EXERCISE INSTRUCTIONS → Take the lines below from the first through the one that contains "AGV AX-8 Evo Naked Helmet - LSH Racing World" and copy them exactly.

________________________________________

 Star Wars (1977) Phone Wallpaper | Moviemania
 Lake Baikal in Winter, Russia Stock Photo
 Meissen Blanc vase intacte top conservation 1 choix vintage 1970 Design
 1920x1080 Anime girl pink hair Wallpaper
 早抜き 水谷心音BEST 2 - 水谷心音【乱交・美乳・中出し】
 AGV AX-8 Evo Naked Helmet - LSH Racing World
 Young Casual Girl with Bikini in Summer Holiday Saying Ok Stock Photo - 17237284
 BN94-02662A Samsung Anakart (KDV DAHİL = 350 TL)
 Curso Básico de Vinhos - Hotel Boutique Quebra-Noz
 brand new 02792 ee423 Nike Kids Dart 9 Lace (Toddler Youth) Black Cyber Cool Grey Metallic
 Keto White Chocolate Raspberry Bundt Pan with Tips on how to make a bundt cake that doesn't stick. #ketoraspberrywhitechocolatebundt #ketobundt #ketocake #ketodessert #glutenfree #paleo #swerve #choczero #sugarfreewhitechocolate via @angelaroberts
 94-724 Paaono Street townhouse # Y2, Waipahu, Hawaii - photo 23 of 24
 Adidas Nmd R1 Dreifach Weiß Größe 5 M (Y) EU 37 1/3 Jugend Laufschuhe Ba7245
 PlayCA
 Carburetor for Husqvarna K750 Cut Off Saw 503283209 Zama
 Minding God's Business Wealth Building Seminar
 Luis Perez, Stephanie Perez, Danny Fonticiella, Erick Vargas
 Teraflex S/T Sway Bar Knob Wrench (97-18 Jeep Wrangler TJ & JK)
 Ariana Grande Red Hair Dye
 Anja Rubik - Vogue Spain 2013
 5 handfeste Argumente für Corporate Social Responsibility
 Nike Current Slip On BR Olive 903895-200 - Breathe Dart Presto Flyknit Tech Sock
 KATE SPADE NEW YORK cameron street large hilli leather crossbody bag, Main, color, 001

________________________________________

SOLUTION →
 Star Wars (1977) Phone Wallpaper | Moviemania
 Lake Baikal in Winter, Russia Stock Photo
 Meissen Blanc vase intacte top conservation 1 choix vintage 1970 Design
 1920x1080 Anime girl pink hair Wallpaper
 早抜き 水谷心音BEST 2 - 水谷心音【乱交・美乳・中出し】
 AGV AX-8 Evo Naked Helmet - LSH Racing World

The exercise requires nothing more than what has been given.